Sanık, dolandırıcılık suçundan 10 ay hapis ve 80 TL adli para cezasına çarptırılmış, hapis cezası TCK'nın ilgili maddesi uyarınca ertelenerek 1 yıl denetim süresi belirlenmiştir. Ancak, sanığa hüküm tebliği sırasında farklı adreslerde tebligat yapılmış ve hüküm henüz kesinleşmediği için denetim süresi başlamamıştır. Bu nedenle, başvuruda bulunulması üzerine karar kanun yararına bozulmuş ve hükümlü serbest bırakılmıştır. Kararda, Tebligat Kanunu'nun ilgili maddeleri detaylı bir şekilde açıklanmıştır.
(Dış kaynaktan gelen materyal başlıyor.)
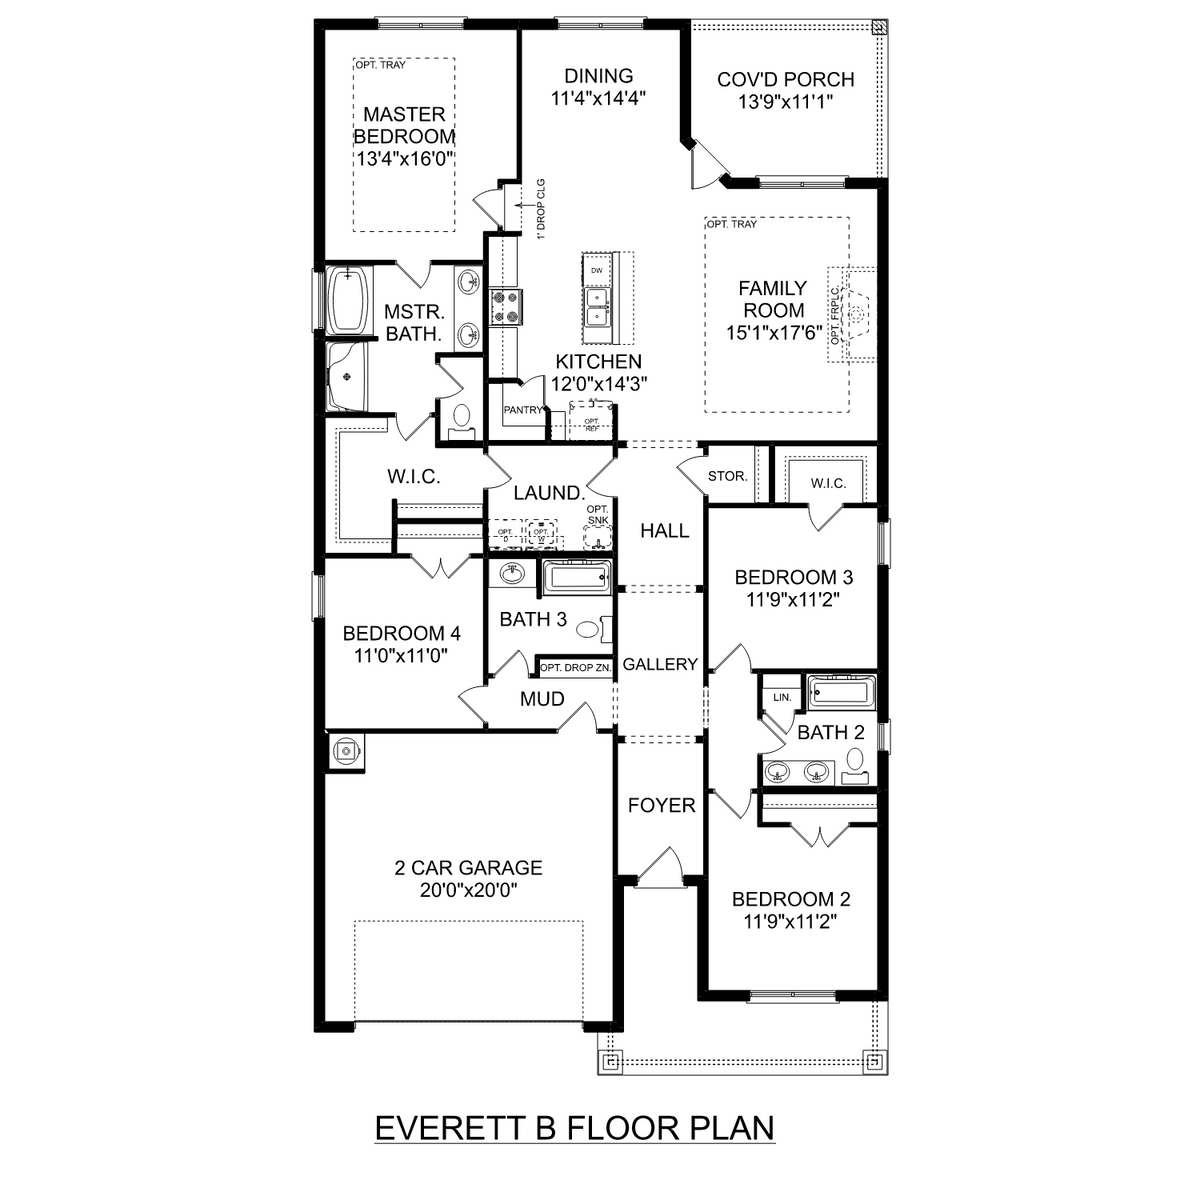 1 - The Everett B floor plan layout for 204 Joan Circle in Davidson Homes' Little Burwell Estates community.

Kararda geçen kanun maddeleri: TCK'nın 157/1, 62, 52, 51/1; Tebligat Kanunu'nun 10/2, 21/1-2, 23/1-8, ve 35.
(Kapatılan)15. Ceza Dairesi         2021/4358 E.  ,  2021/4380 K.

    "İçtihat Metni"



    Dolandırıcılık suçundan sanık ..."in 5237 sayılı Türk Ceza Kanunu"nun 157/1, 62, 52 maddeleri gereğince 10 ay hapis ve 80 TL adli para cezasıyla cezalandırılmasına, hapis cezasının TCK"nın 51/1. maddesi uyarınca ertelenmesine ve 1 yıl denetim süresine tabi tutulmasına dair ... 9. Asliye Ceza Mahkemesinin 14/10/2014 tarihli ve 2014/114 esas, 2014/592 sayılı kararının 07/01/2015 tarihinde kesinleşmesini müteakip, sanığın denetim süresi içerisinde 13/01/2015 tarihinde işlediği kasıtlı suçtan mahkûm olduğunun ihbar edilmesi üzerine, hapis cezasının tamamen infazına ilişkin ... 9. Asliye Ceza Mahkemesinin 14/03/2018 tarihli ve 2014/114 esas, 2014/592 sayılı ek kararına karşı yapılan itirazın reddine ilişkin ... 5. Ağır Ceza Mahkemesinin 10/07/2020 tarihli ve 2020/728 D.İş sayılı kararı aleyhine, Yüksek Adalet Bakanlığınca verilen 16/02/2021 gün ve 94660652-105-34-16649-2020-Kyb sayılı kanun yararına bozma talebine dayanılarak dava dosyası Yargıtay Cumhuriyet Başsavcılığının 11/03/2021 gün ve 2021/23697 sayılı tebliğnamesiyle Dairemize gönderilmekle okundu.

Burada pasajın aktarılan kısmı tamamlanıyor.